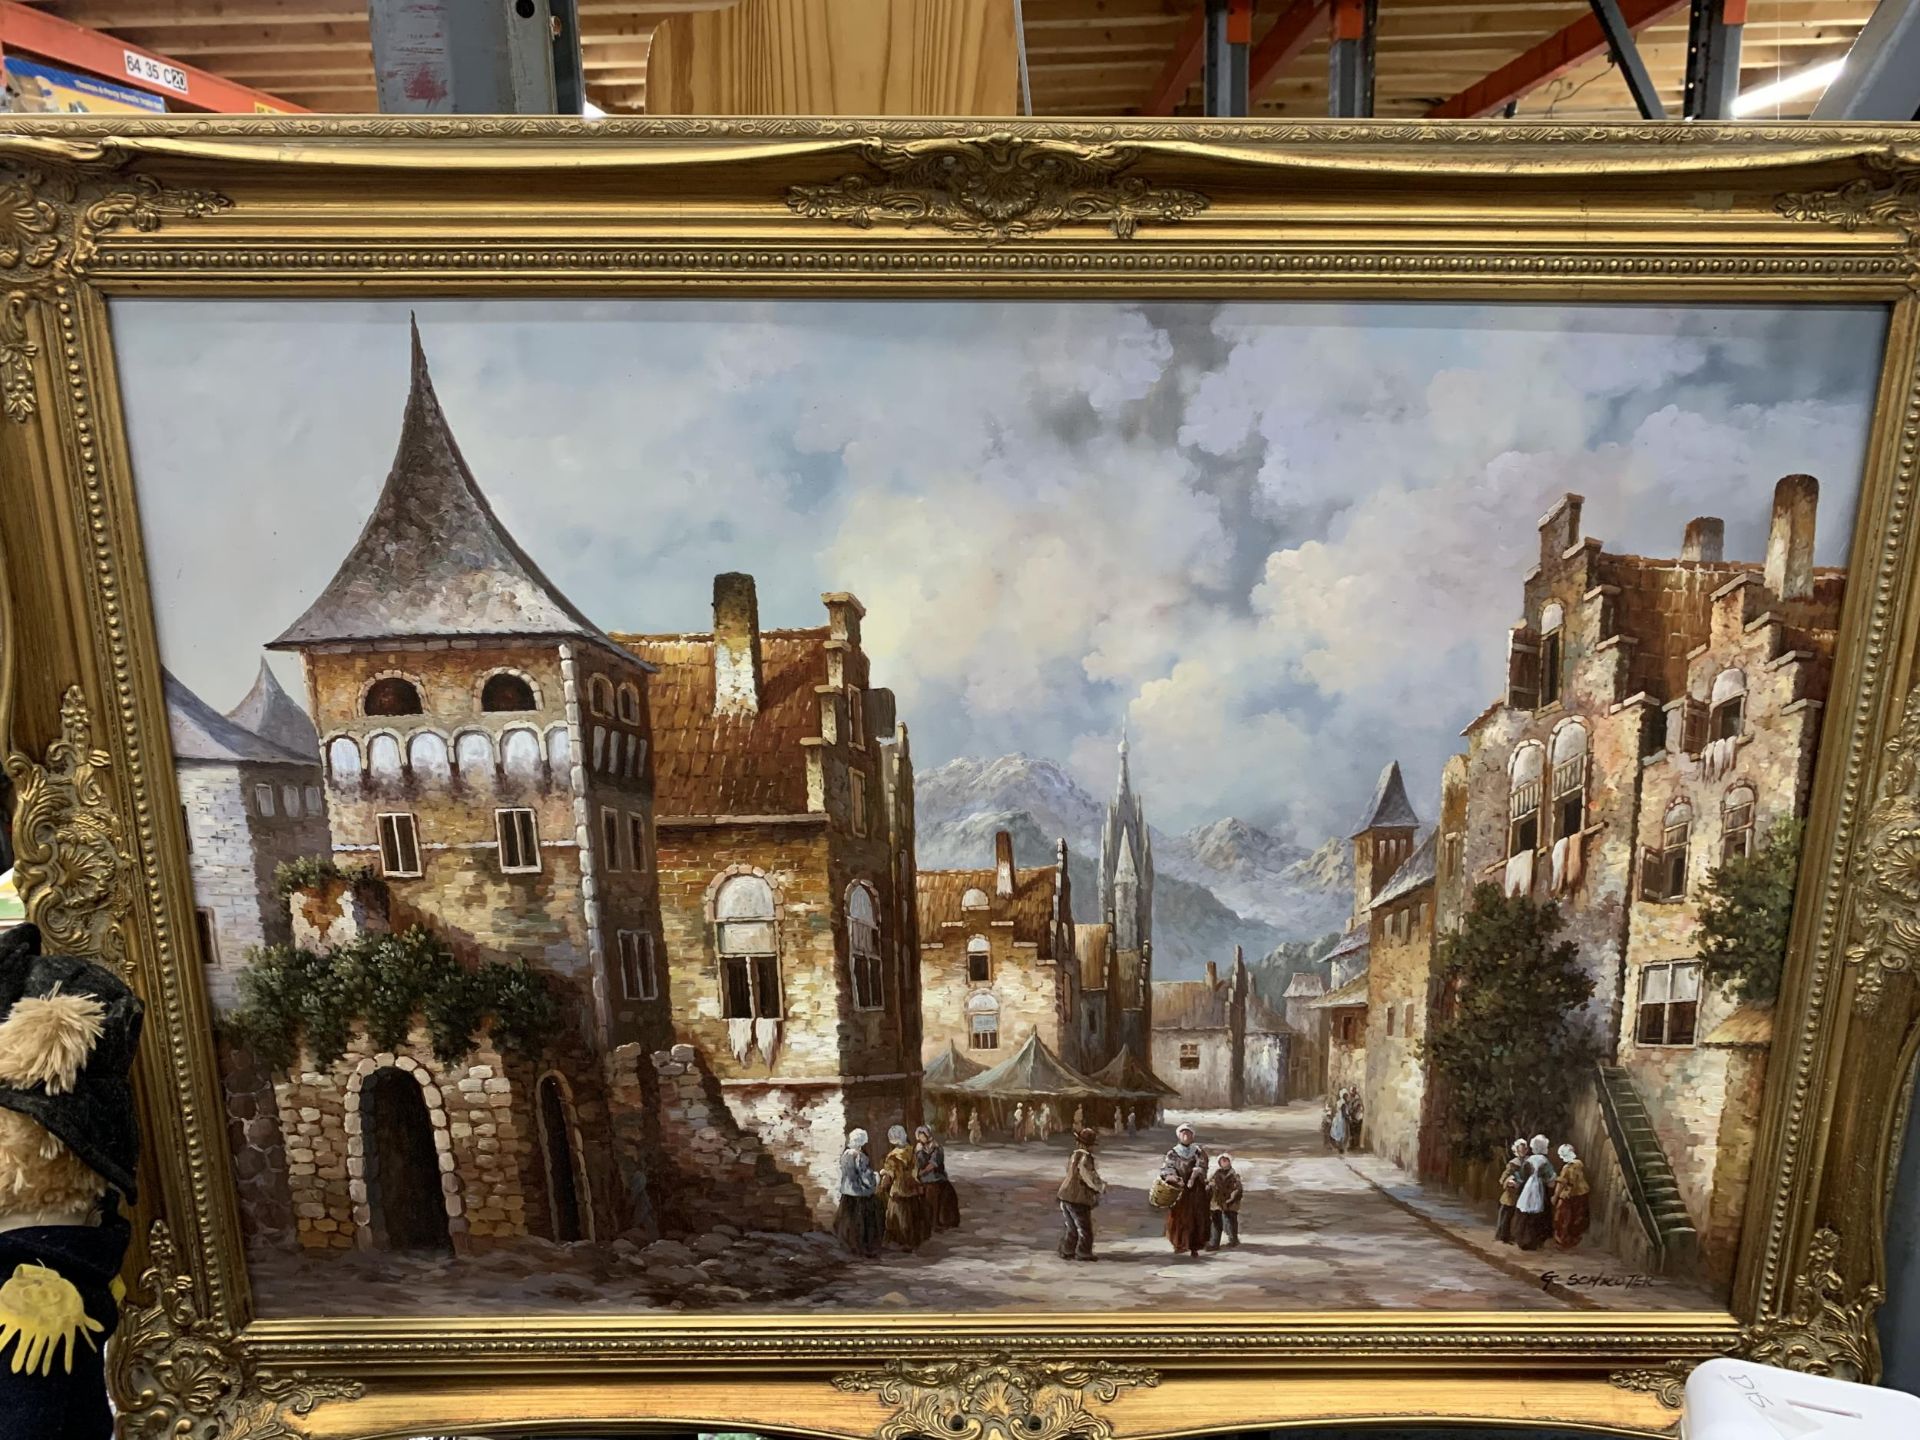 A LARGE OIL ON CANVAS OF A VINTAGE CONTINENTAL STREET SCENE (POSSIBLY BELGIUM) BY DUTCH
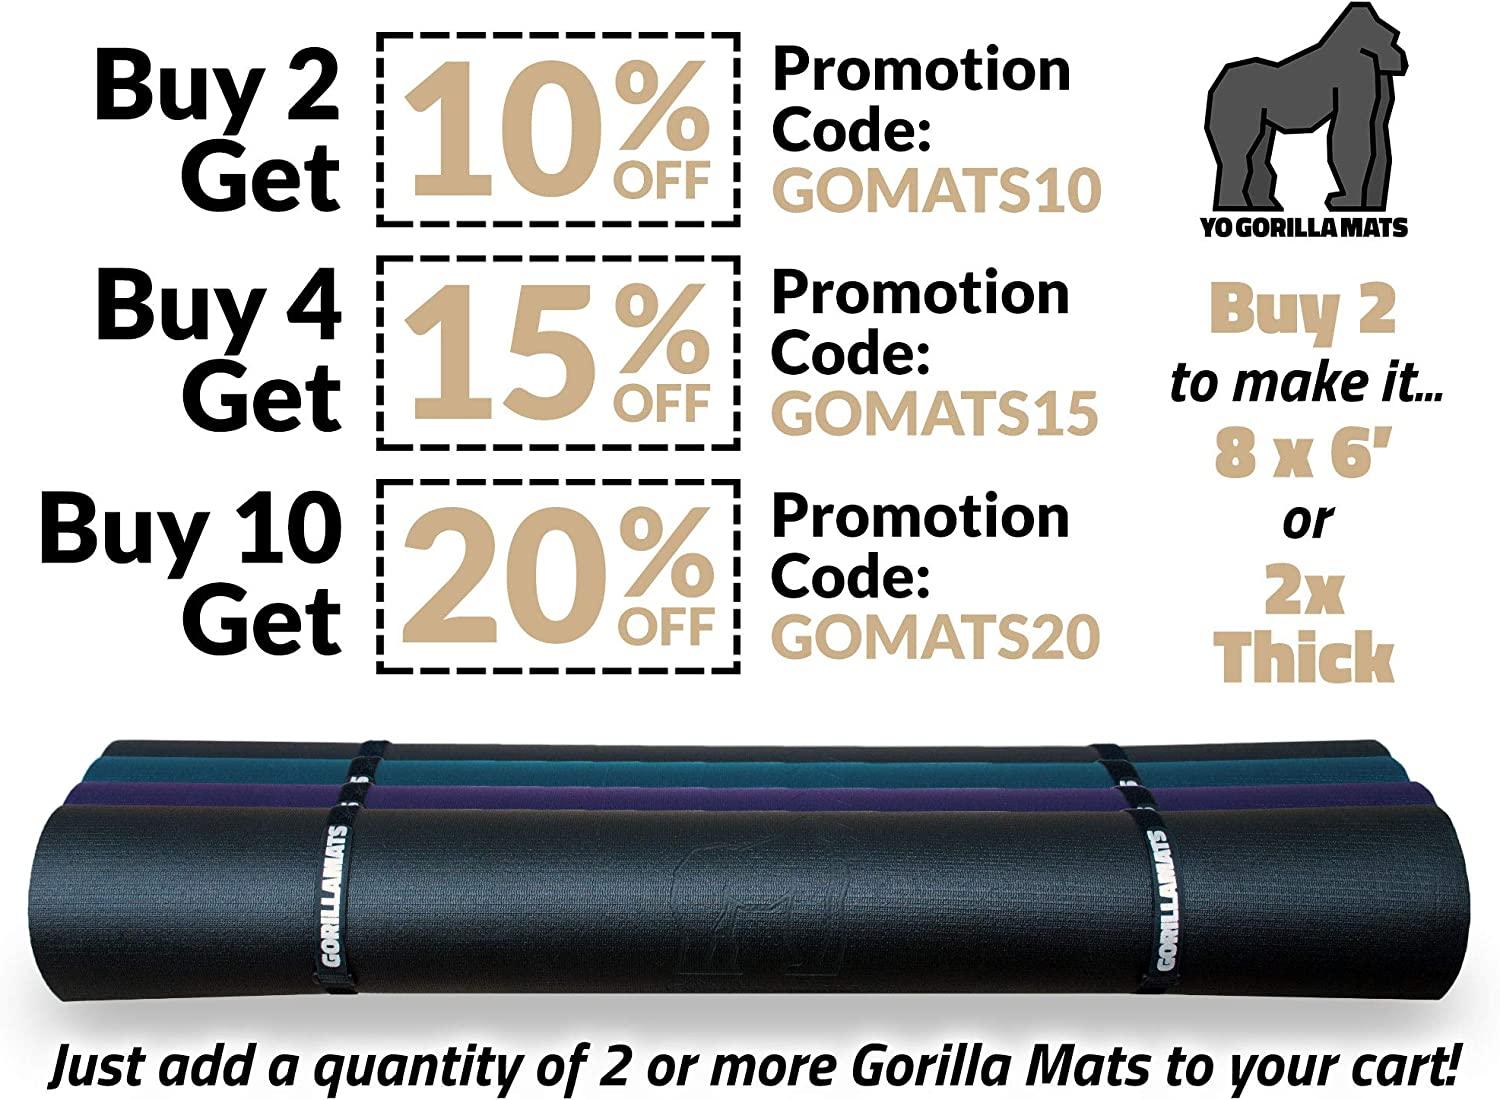 Gorilla Mats Premium Extra Large Yoga Mat – 12' x 6' x 8mm Extra Thick &  Ultra Comfortable, Non-Toxic, Non-Slip Barefoot Exercise Mat – Works Great  on
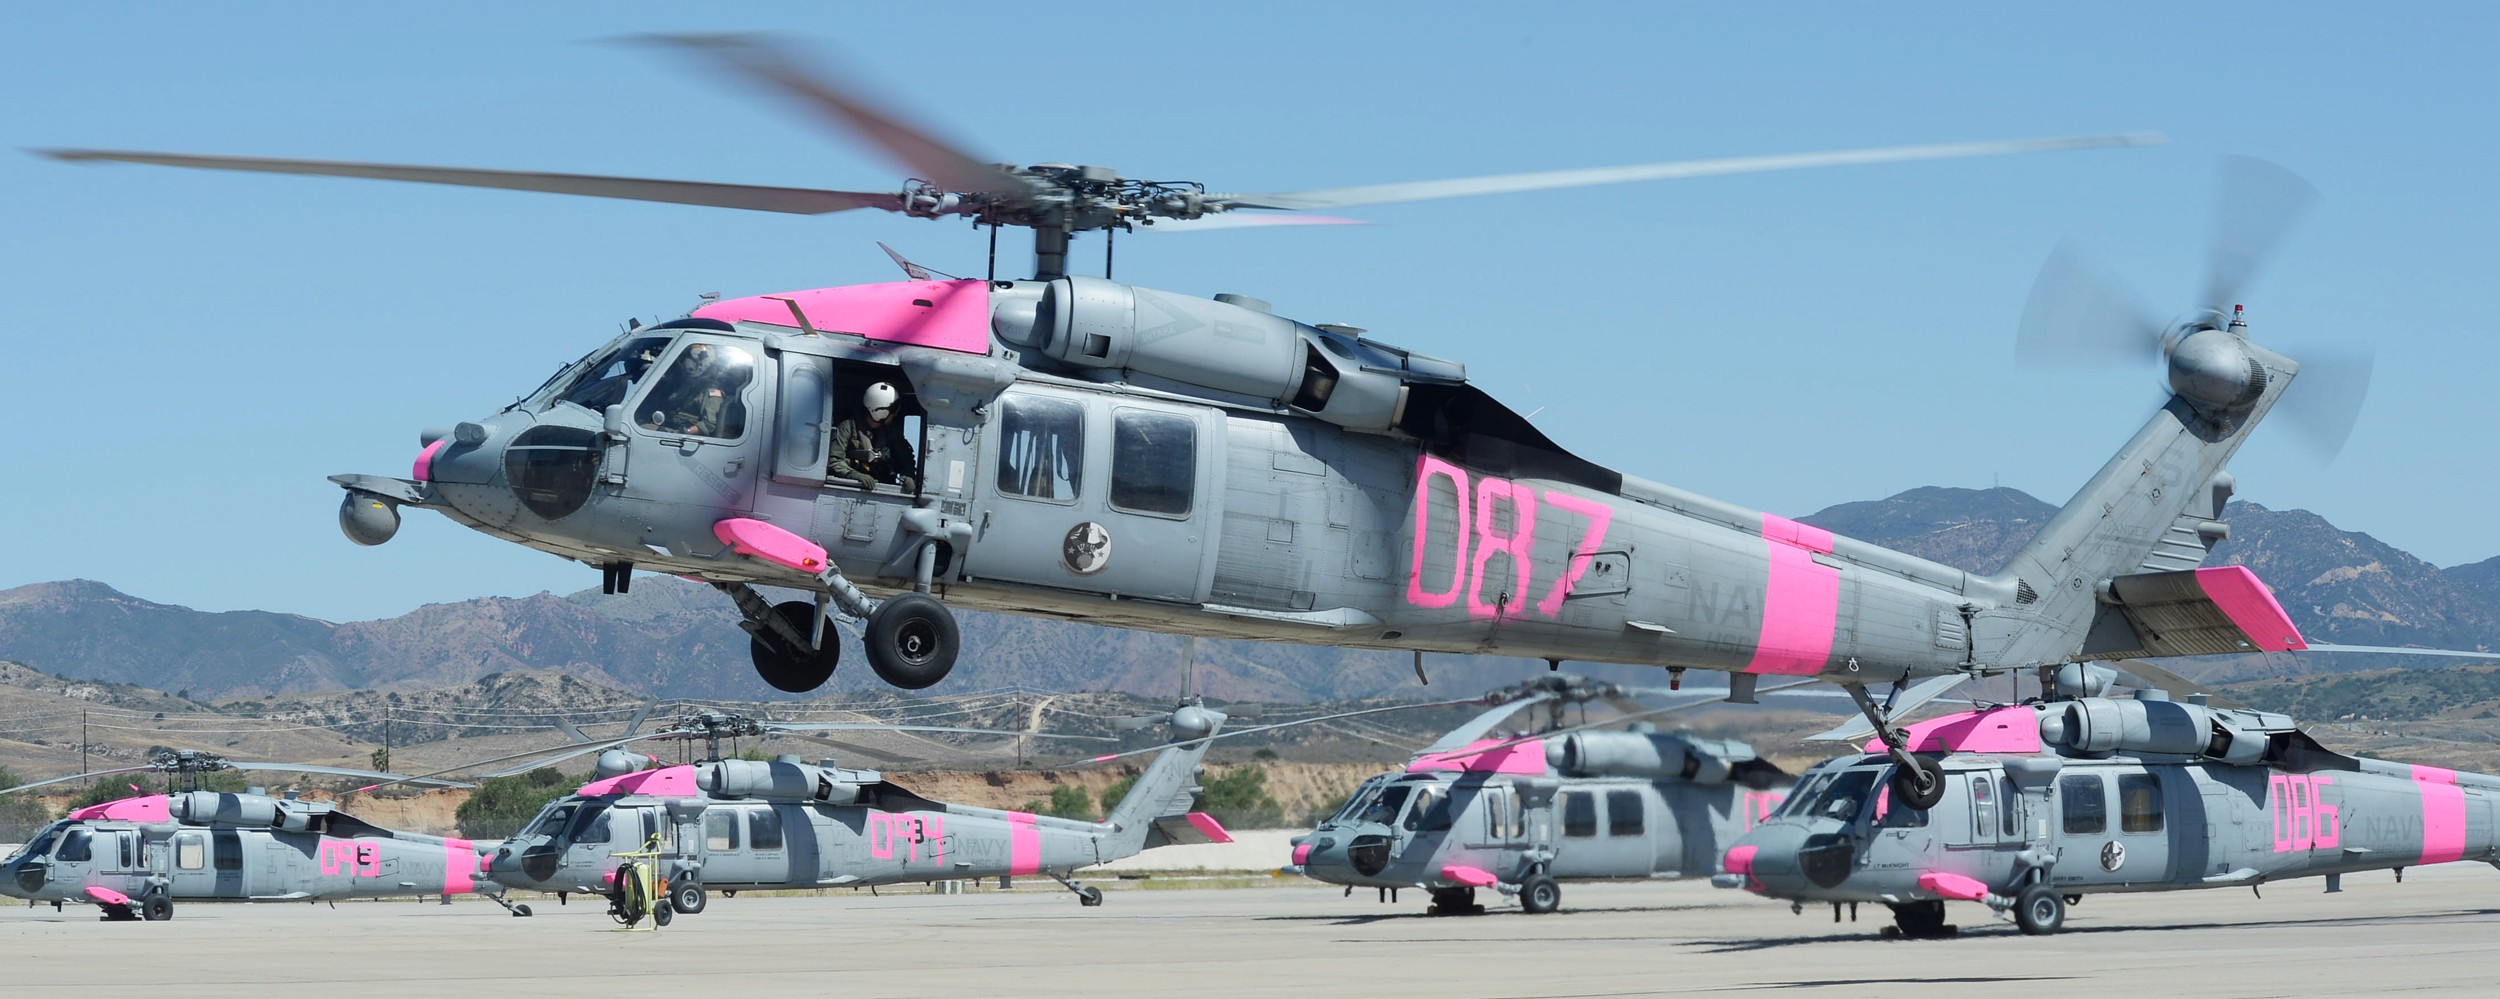 hsc-3 merlins helicopter sea combat squadron mh-60s seahawk us navy 2014 30
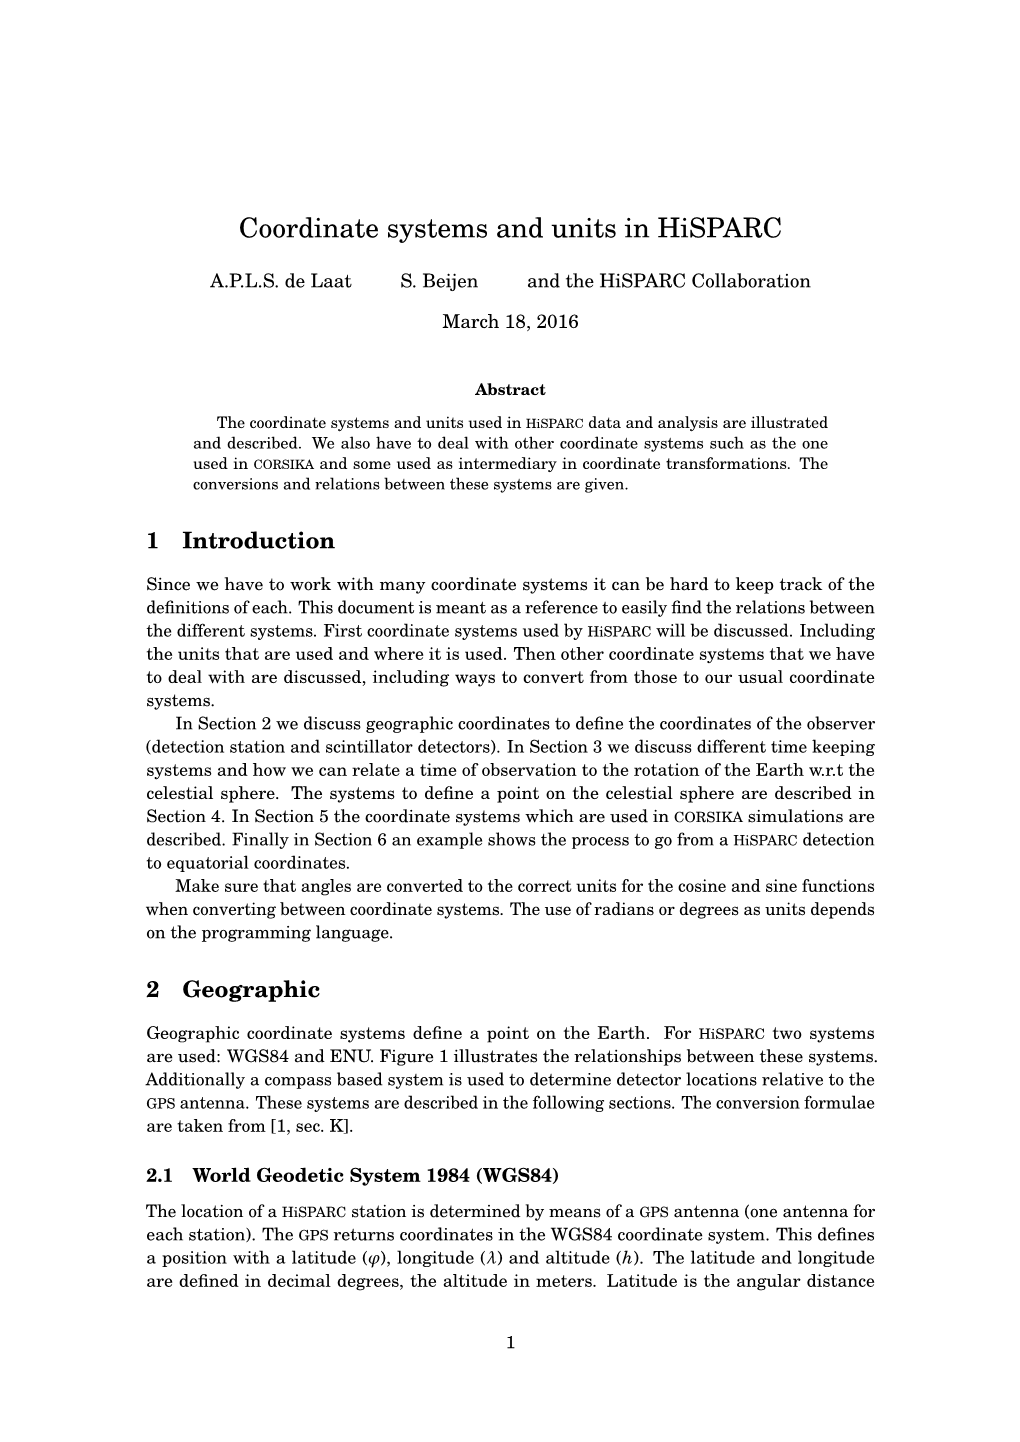 Coordinate Systems and Units in Hisparc

■ ■ ■ ■ ■ ■ ■

**PROMPT:** Return every line of the data above exactly, and omit all pictures.

**COMPLETED EXERCISE:**
 A LARGE OIL ON CANVAS OF A VINTAGE CONTINENTAL STREET SCENE (POSSIBLY BELGIUM) BY DUTCH
 Gorilla Mats Premium Extra Large Yoga Mat – 12' x 6' x 8mm Extra Thick &  Ultra Comfortable, Non-Toxic, Non-Slip Barefoot Exercise Mat – Works Great  on
 hsc-3 merlins helicopter sea combat squadron mh-60s seahawk us navy 2014 30
 Coordinate Systems and Units in Hisparc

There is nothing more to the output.